All About Estates

What to do when a loved one dies?

Believe it or not, this is the title of a recent release from the Canada Revenue Agency (“CRA”). Is there really a softer side to the CRA?

Let’s face there is a lot to do after a loved one dies, and a lot of it not related to tax. But from experience, it does not take long for the subject to come up, which reminds me of the time I was approached by a family member while I was trying to get a few moments of silence over a deceased’s casket at a wake. A story for another time perhaps!

Anyway, the CRA just published a useful checklist of what to do related to taxes and tax filings – some of the highlights are:

  1. Gather all of the deceased’s tax information as soon as you can, (particularly before premises and belongings are disposed of).
  2. Notify CRA of the date of death by calling them or complete Information sheet RC4111 What to do Following Death
  3. Request that CRA stop benefit and credit payments such goods and services tax and working income tax benefit payments, if applicable. This will eliminate the need to refund these payments at a later date.
  4. Advise Service Canada of the date of death – this stop CPP, OAS and GIS payments if applicable.
  5. Get yourself named as the legal representative, if applicable or get in touch with the legal representative as soon as possible.
  6. If you are the legal representative you can refer the same information sheet noted above or Guide T4011 Preparing Returns for Deceased Persons to assist with filing out the final tax return. It will deal with due dates, (removing some of the anxiety with the completing the process), how to report income after death etc.

This might appear to be basic stuff. Some of this may be handled by people you have engaged to assist you with post-mortem services. But, at the very least, this will assist you with getting control of the process which is often a source of comfort to folks during the grieving period.

Happy Reading

About Steven Frye
Baker Tilly WM LLP is a leading, independent audit, tax, and business advisory firm based in Vancouver and Toronto, serving clients across Canada.
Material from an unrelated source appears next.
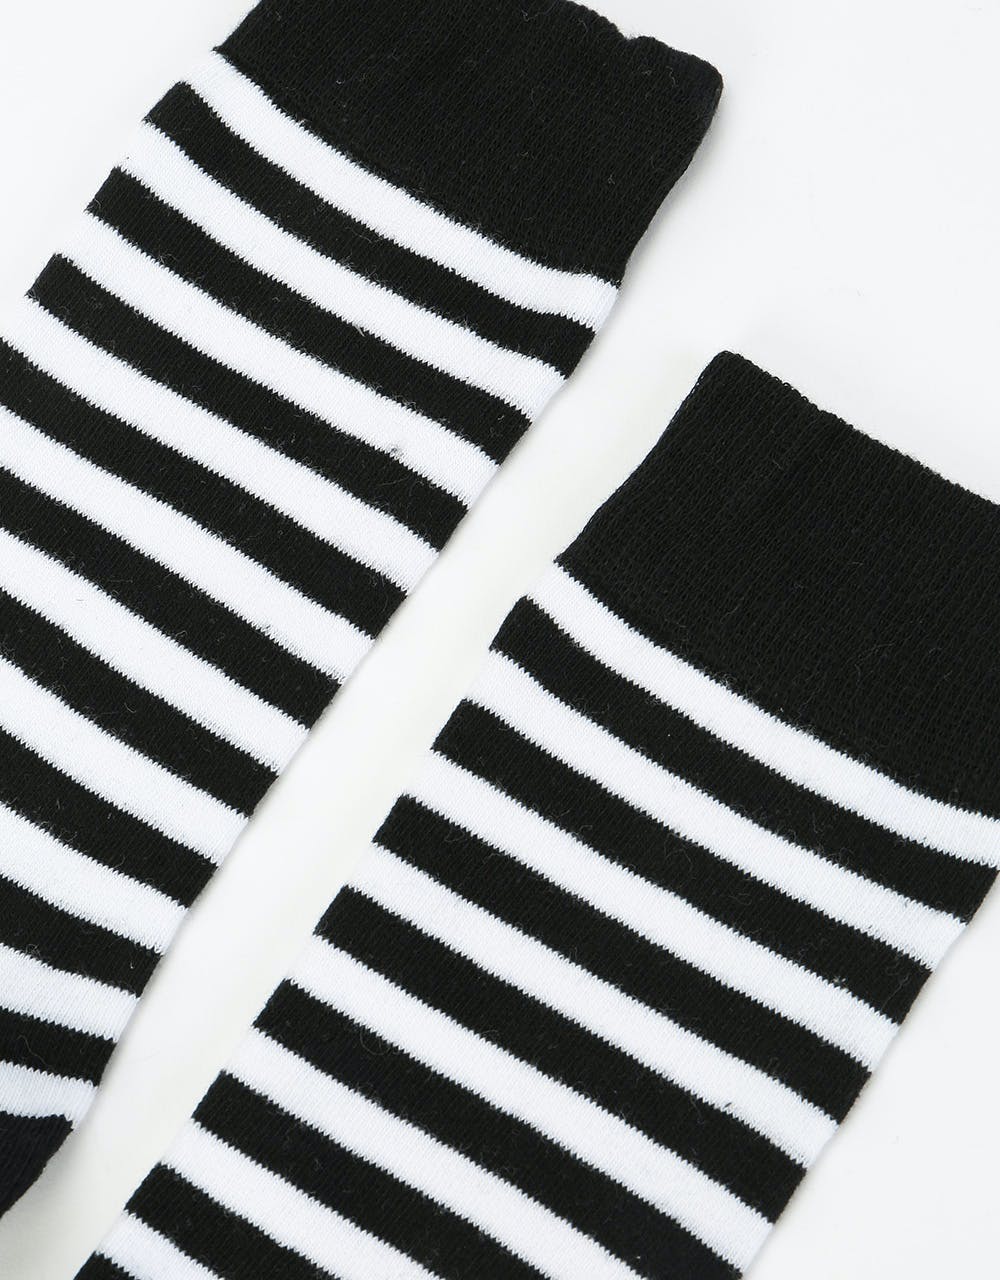 Route One Striped Socks - Black/White

Drawing on well-trained teams across a variety of disciplines, we ensure the alignment of our professional’s skills and experience with client requirements, resulting in exceptional service and business outcomes.

1 Comment

  1. Larry D. Amstutz

    February 20, 2018 - 6:48 pm
    Reply

    I don’t think that you can attach a “softer side” to an organization… including CRA; although you can apply this to specific individuals working for an organization.

    About 7 years ago my father passed away and I became an Executor for the first time. My fathers estate was quite simple; the only major asset was his home. It was this asset that caused an individual at CRA to act inappropriately. When his home could not be sold over a reasonable time (depressed market in his community), one of my sisters purchased the home… at market value.

    The CRA representative instantly made the decision that I had acted inappropriately by selling at a reduced rate. In spite of independent market assessments, she dug her feet in. In fact she disallowed all home improvement costs made to bring the home up to standards to put it on the market.

    I had to file a number of complaints and eventually had her decision overturned. Unfortunately, this caused the estate administration to be prolonged for a whole year longer than should have been necessary; the end results was much more stress on myself (remember, I had lost my father and was grieving as well as wanting to complete my responsibilities) and in delaying distribution of his assets to beneficiaries.

    Yes… I eventually found individuals with a softer side who listened, empathized, understood, and helped me have the ruling reversed (they do work there!). Sadly, I had to first overcome a CRA representative who was the opposite of caring.